Suren Thiru, Head of Economics at the British Chambers, said: “Our latest survey indicates that underlying economic conditions remained exceptionally weak in the third quarter. While the declines in indicators of activity slowed as the UK economy gradually reopened, they remain well short of pre-pandemic levels with little sign of a swift ‘V’-shaped recovery.
“The manufacturing sector recorded the strongest improvements in the quarter while consumer-focused services firms, where social distancing restricts activity, saw more limited gains. The persistent weakness in cash flow is concerning as it leaves firms more vulnerable to external shocks, including further restrictions.”

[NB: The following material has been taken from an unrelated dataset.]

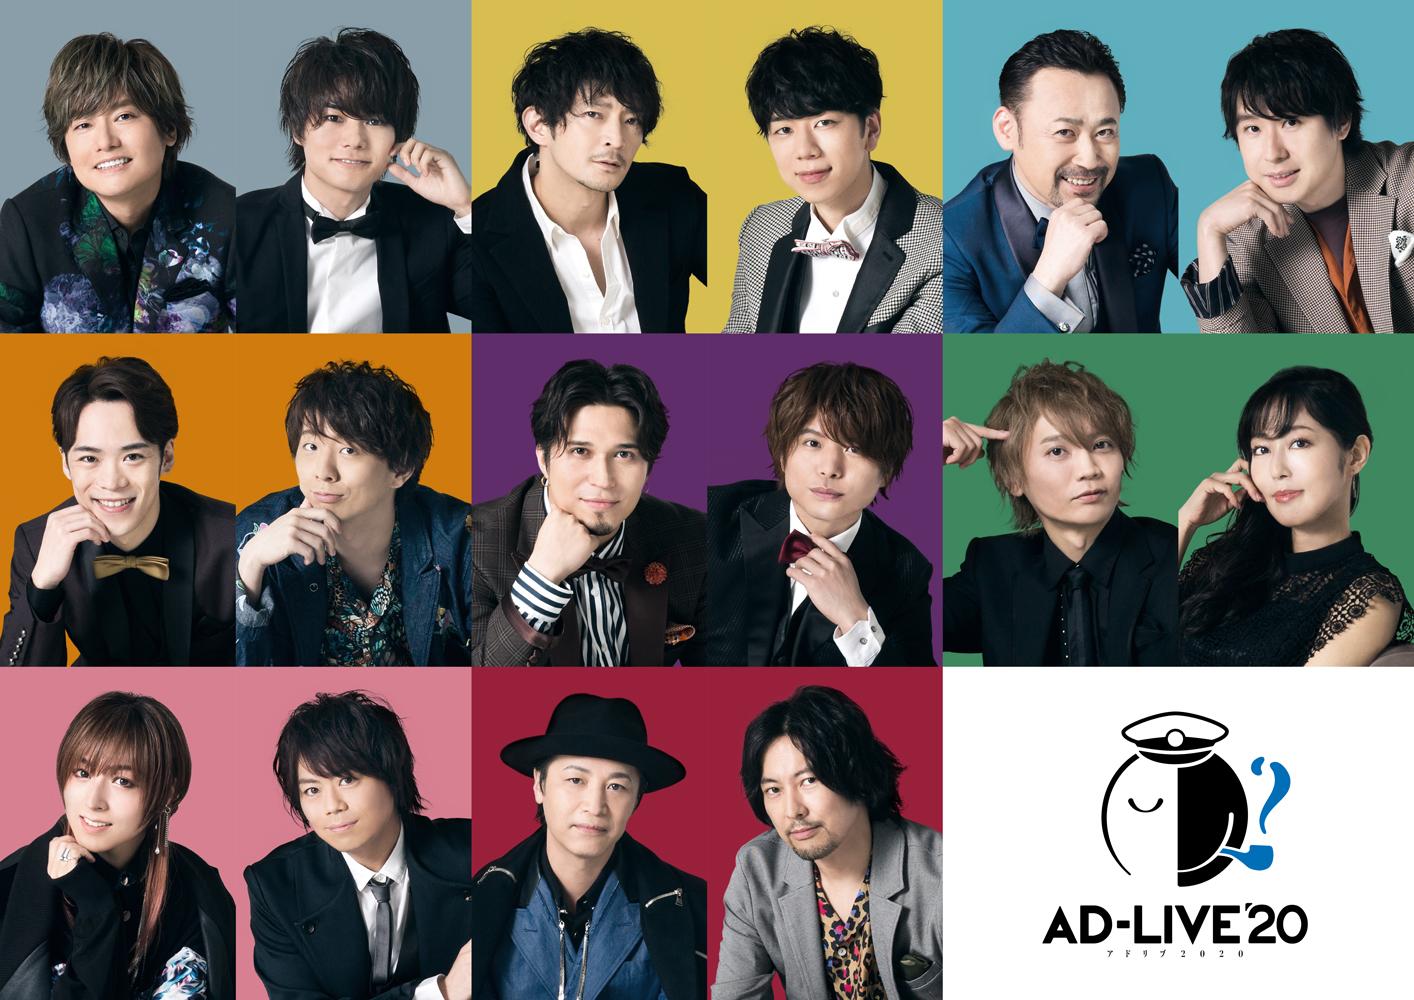 「AD-LIVE 2020」無観客ライブ配信に変更し実施へ!鈴村健一さんからのメッセージも到着
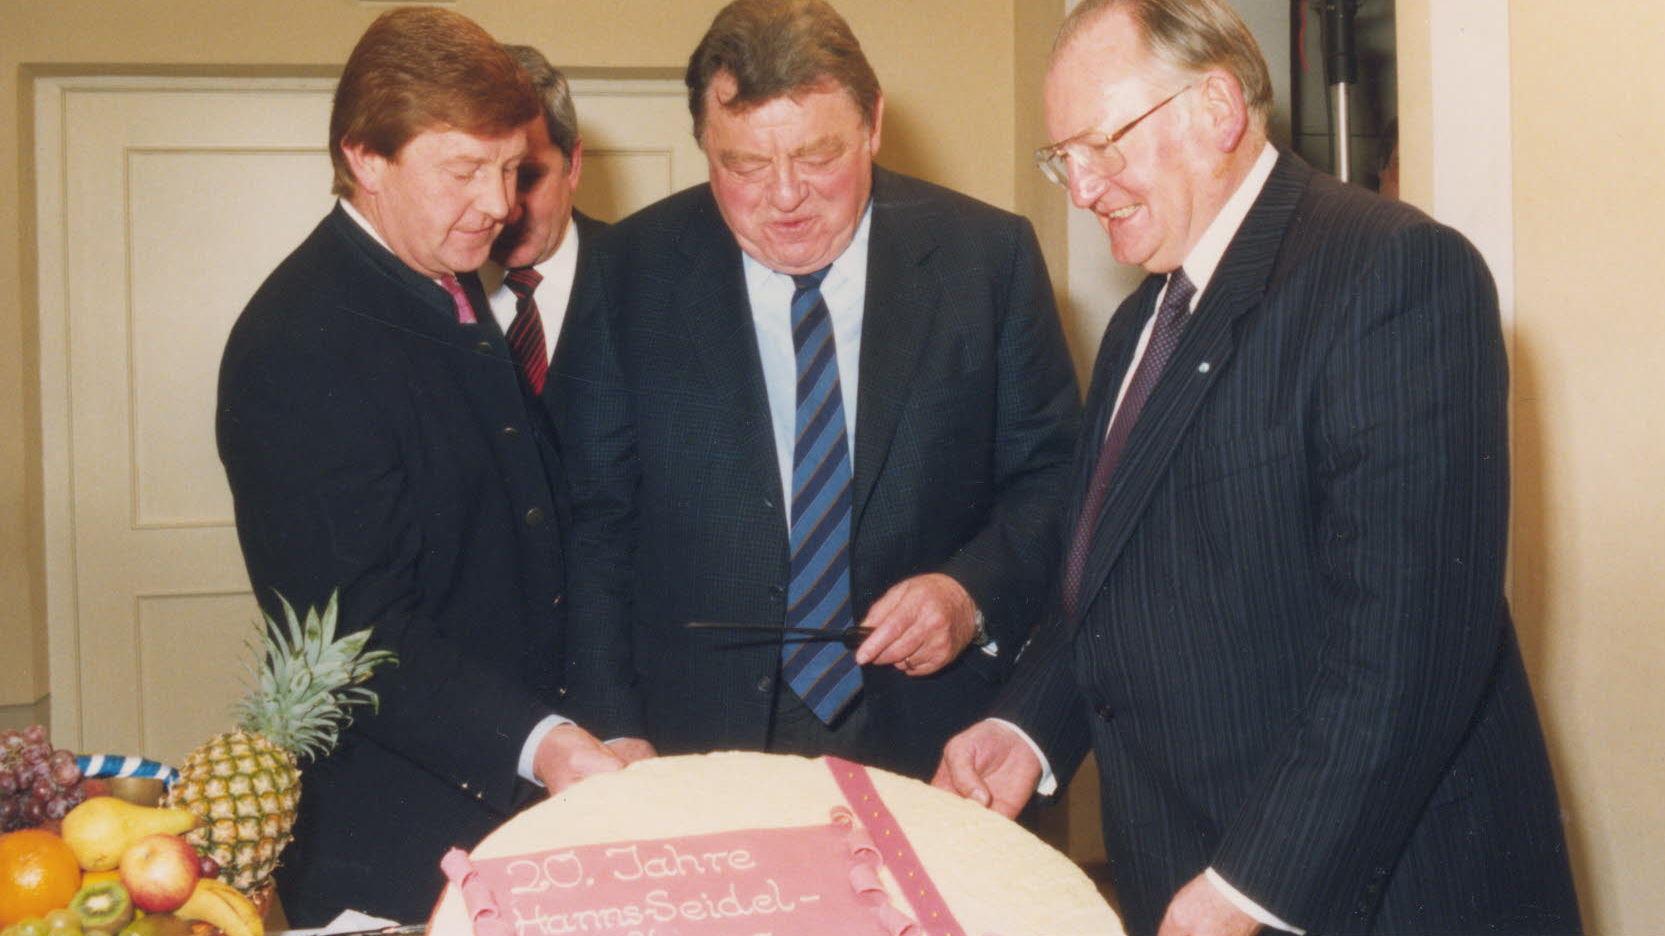 20-jähriges Jubiläum der Hanns-Seidel-Stiftung

He added: “While the Government’s Winter Economy Plan may provide a short-term boost, with restrictions tightening and the economic scarring caused by the pandemic starting to crystalise, the resulting gains in economic output are likely to fade over coming months.”
Responding to the findings Dr Adam Marshall, Director General of the British Chambers, said: “Our findings clearly demonstrate that business conditions remain fragile in the face of uncertainty, with the prospect of a difficult winter to come.
“It is time to be direct. The economy will need more support, over and above the Chancellor’s welcome recent efforts. Ministers must stand ready to provide that support, and to strengthen measures to underpin business cash flow and jobs.
“The disappointing Test and Trace system must be improved to ensure as many businesses as possible can function through the winter and beyond. A Brexit deal must be reached to avoid yet more disruption. And above all, businesses need confidence and calm, clear communication to successfully navigate a tricky period ahead.”